Разумеется, об этих детских бреднях никто поначалу не подозревал. Императрица несколько даже разочаровалась в ней и описывала ее барону Гримму, своему постоянному корреспонденту с ноткой пренебрежения: «О ней еще нечего сказать, она слишком мала и далеко не та, что были братья и сестры в ее лета. Она толста, бела, глазки у нее хорошенькие, и сидит она целый день в углу со своими игрушками, болтает без умолку, но не говорит ничего, что было бы достойно внимания».
Впрочем, именно этой замкнутостью и тихостью нрава и понравилась двухлетняя сестричка старшему брату Александру, который был старше ее на десять с половиной лет. Сам он был склонен к задумчивости, тишине и созерцательности, переизбыточное оживление большого семейства немало раздражало его, оттого среди всех прочих братьев и сестер он и предпочитал Катрин. И стоило ей ощутить это ласковое внимание брата (мужское внимание – как определяла для себя императрица, прекрасно знавшая, что у любви нет возраста, так же, как слов «уже поздно» или «еще рано»), как она мигом перестала быть «белой и толстой», перестала сидеть в углу с игрушками, а принялась кругом бегать за братом, и оторвать ее от Александра было совершенно невозможно. Причем чем дольше, тем меньше бескорыстного, невинного восхищения светилось в ее ярких, темных, больших глазах, а тем больше можно было увидеть в них ревности собственницы, никому не желающей уступать любимую игрушку.
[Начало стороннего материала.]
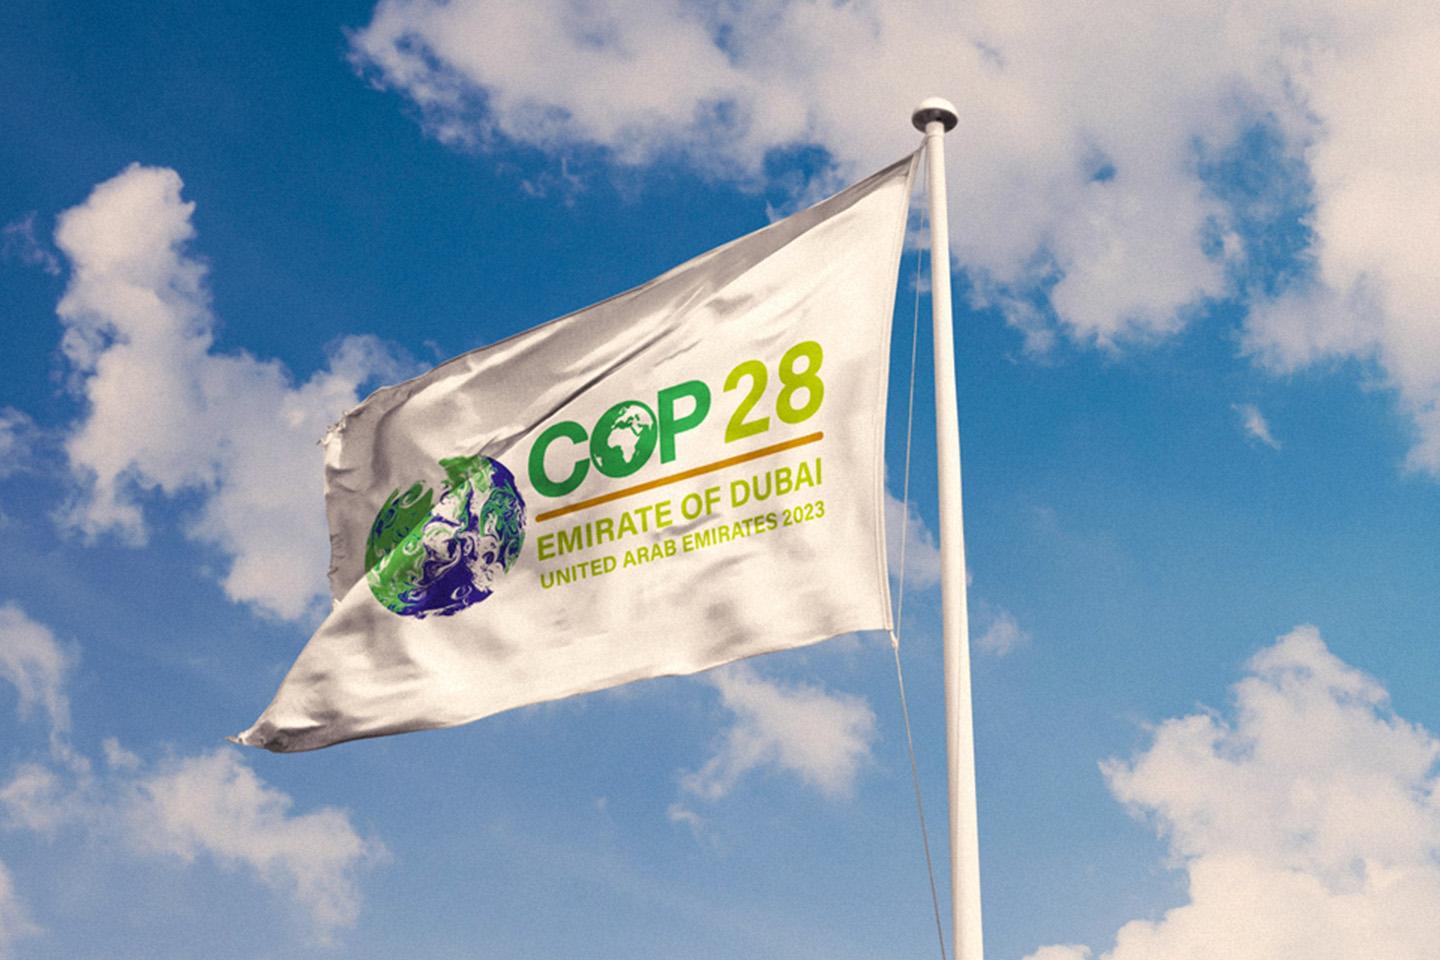 Debrief from Dubai: Takeaways from COP28 
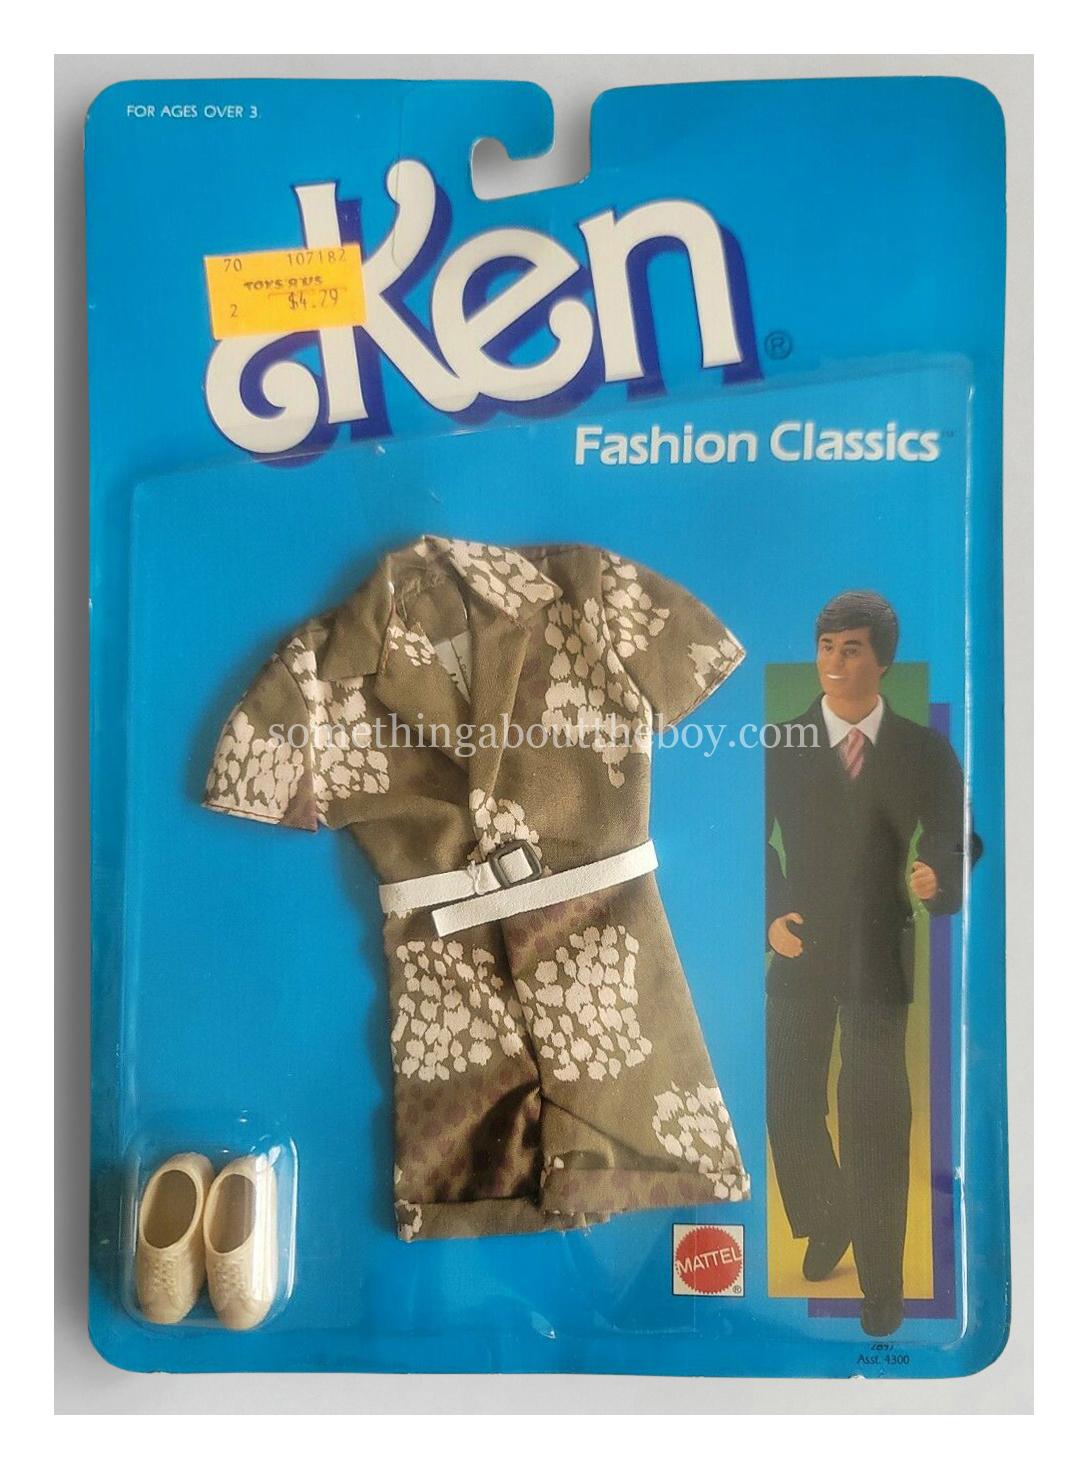 1986 #2897 Fashion Classics in original packaging

Появление при дворе принцесс Баденских, предназначенных в жены Александру и Константину, пробудило в девочке истинного бесенка. Нет, не шаловливого бесенка, а вполне взрослого и очень опасного беса! На Фредерику-Доротею, которой предстояло быть окрещенной именем Анна и сделаться женой Константина, она смотрела презрительно, а на прелестную Луизу – с откровенной ненавистью, высмеивала каждый ее шаг, каждое слово, а ее естественные неловкость и застенчивость, которые были и впрямь очень трогательны и умиляли всех остальных, вызывали у малышки приступы грубого смеха. При этом она оказалась достаточно умна (а вернее всего, хитра), чтобы не буйствовать принародно, понимая или чувствуя, что этим восстановит против себя Александра, который очаровался невестой с первого взгляда. Катрин паясничала и скоморошничала, только если была убеждена, что ни няньки, ни воспитательницы ее не видят, и с ее легкой руки остальные принцессы относились к Елизавете насмешливо и пренебрежительно. Первый раз выдала себя Катрин во время венчания брата. И тогда же императрица впервые задумалась, что эта девчонка еще задаст им всем жару, если вовремя ее не окоротить.